一旦你在Eclipse中创建Maven项目,包括按照Lucene的依赖关系pom.xml。我正在使用Lucene 6.6.0版本。

<properties>
	<lucene.version>6.6.0</lucene.version>
</properties>

<dependency>
	<groupId>org.apache.lucene</groupId>
	<artifactId>lucene-core</artifactId>
	<version>${lucene.version}</version>
</dependency>
<dependency>
	<groupId>org.apache.lucene</groupId>
	<artifactId>lucene-analyzers-common</artifactId>
	<version>${lucene.version}</version>
</dependency>
<dependency>
	<groupId>org.apache.lucene</groupId>
	<artifactId>lucene-queryparser</artifactId>
	<version>${lucene.version}</version>
</dependency>

Lucene写索引示例

创建IndexWriter

org.apache.lucene.index.IndexWriter类提供创建和管理索引的功能。它的构造函数带有两个参数:FSDirectoryIndexWriterConfig。请注意,创建编写器后,无法将给定的配置实例传递给另一个编写器。

private static IndexWriter createWriter() throws IOException 
{
	FSDirectory dir = FSDirectory.open(Paths.get(INDEX_DIR));
	IndexWriterConfig config = new IndexWriterConfig(new StandardAnalyzer());
	IndexWriter writer = new IndexWriter(dir, config);
	return writer;
}

建立文件

org.apache.lucene.document.Document 类表示Lucene索引的文档。

private static Document createDocument(Integer id, String firstName, String lastName, String website) 
{
	Document document = new Document();
	document.add(new StringField("id", id.toString() , Field.Store.YES));
	document.add(new TextField("firstName", firstName , Field.Store.YES));
	document.add(new TextField("lastName", lastName , Field.Store.YES));
	document.add(new TextField("website", website , Field.Store.YES));
	return document;
}

将文档写到索引

若要将lucene文件写入index,请使用IndexWriter.addDocuments(documents)方法。
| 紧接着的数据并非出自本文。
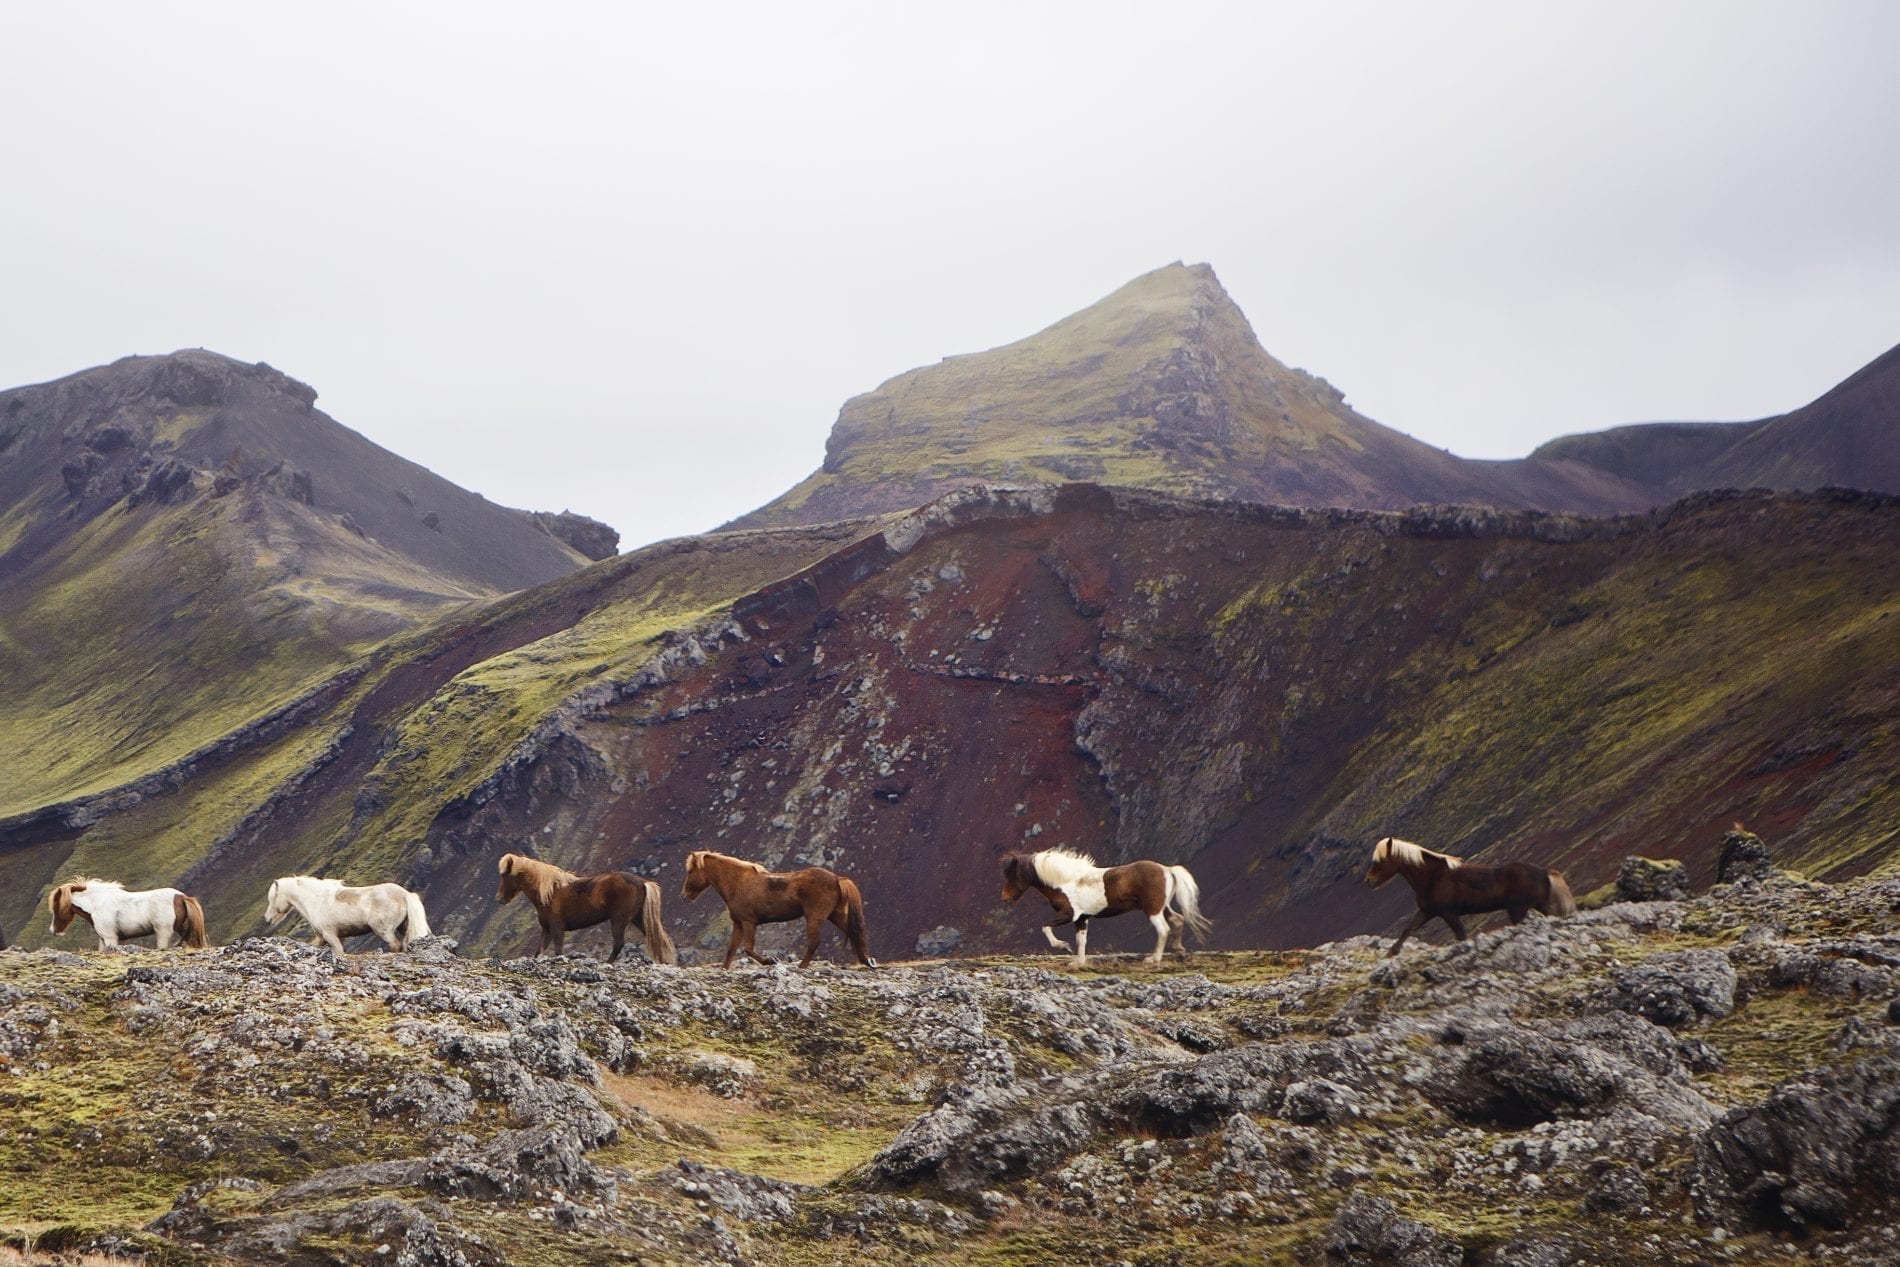 Horses walking near the gorgeous red crater and lake Ljótipollur
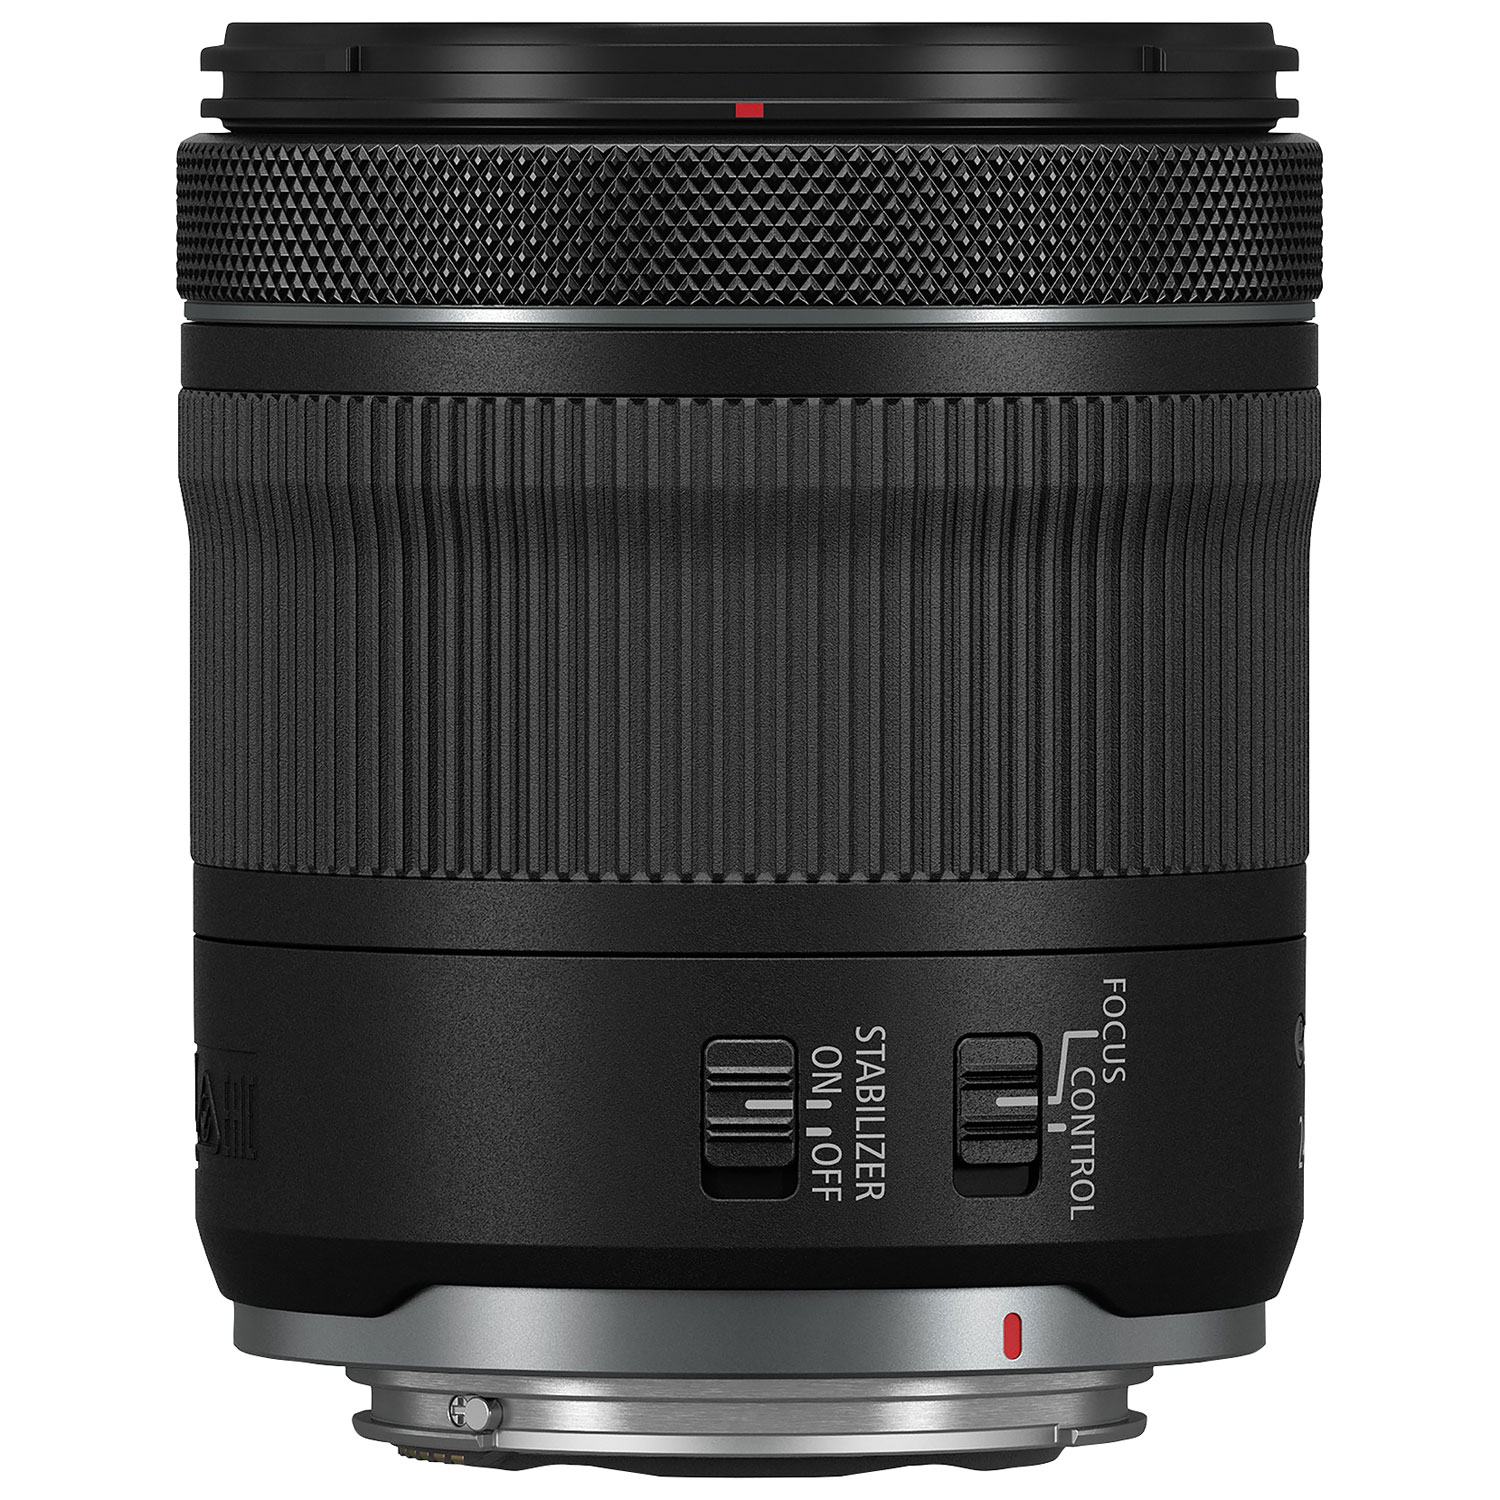 Canon RF 24-105mm f/4-7.1 IS STM Lens | Best Buy Canada

package com.how2codex.demo.lucene;

import java.io.IOException;
import java.nio.file.Paths;
import java.util.ArrayList;
import java.util.List;

import org.apache.lucene.analysis.standard.StandardAnalyzer;
import org.apache.lucene.document.Document;
import org.apache.lucene.document.Field;
import org.apache.lucene.document.StringField;
import org.apache.lucene.document.TextField;
import org.apache.lucene.index.IndexWriter;
import org.apache.lucene.index.IndexWriterConfig;
import org.apache.lucene.store.FSDirectory;

public class LuceneWriteIndexExample 
{
	private static final String INDEX_DIR = "c:/temp/lucene6index";

	public static void main(String[] args) throws Exception 
	{
		IndexWriter writer = createWriter();
		List<Document> documents = new ArrayList<>();
		
		Document document1 = createDocument(1, "Lokesh", "Gupta", "how2codex.com");
		documents.add(document1);
		
		Document document2 = createDocument(2, "Brian", "Schultz", "example.com");
		documents.add(document2);
		
		//Let's clean everything first
		writer.deleteAll();
		
		writer.addDocuments(documents);
		writer.commit();
	    writer.close();
	}

	private static Document createDocument(Integer id, String firstName, String lastName, String website) 
	{
    	Document document = new Document();
    	document.add(new StringField("id", id.toString() , Field.Store.YES));
    	document.add(new TextField("firstName", firstName , Field.Store.YES));
    	document.add(new TextField("lastName", lastName , Field.Store.YES));
    	document.add(new TextField("website", website , Field.Store.YES));
    	return document;
    }

	private static IndexWriter createWriter() throws IOException 
	{
		FSDirectory dir = FSDirectory.open(Paths.get(INDEX_DIR));
		IndexWriterConfig config = new IndexWriterConfig(new StandardAnalyzer());
		IndexWriter writer = new IndexWriter(dir, config);
		return writer;
	}
}

在计算机上执行上述代码后,您将看到在配置的文件夹路径中创建的Lucene索引。

计算机中的Lucene索引
计算机中的Lucene索引

Lucene搜索示例

创建IndexSearcher

org.apache.lucene.search.IndexSearcher用于从索引中搜索lucene文档。它需要一个参数Directory,它指向索引文件夹。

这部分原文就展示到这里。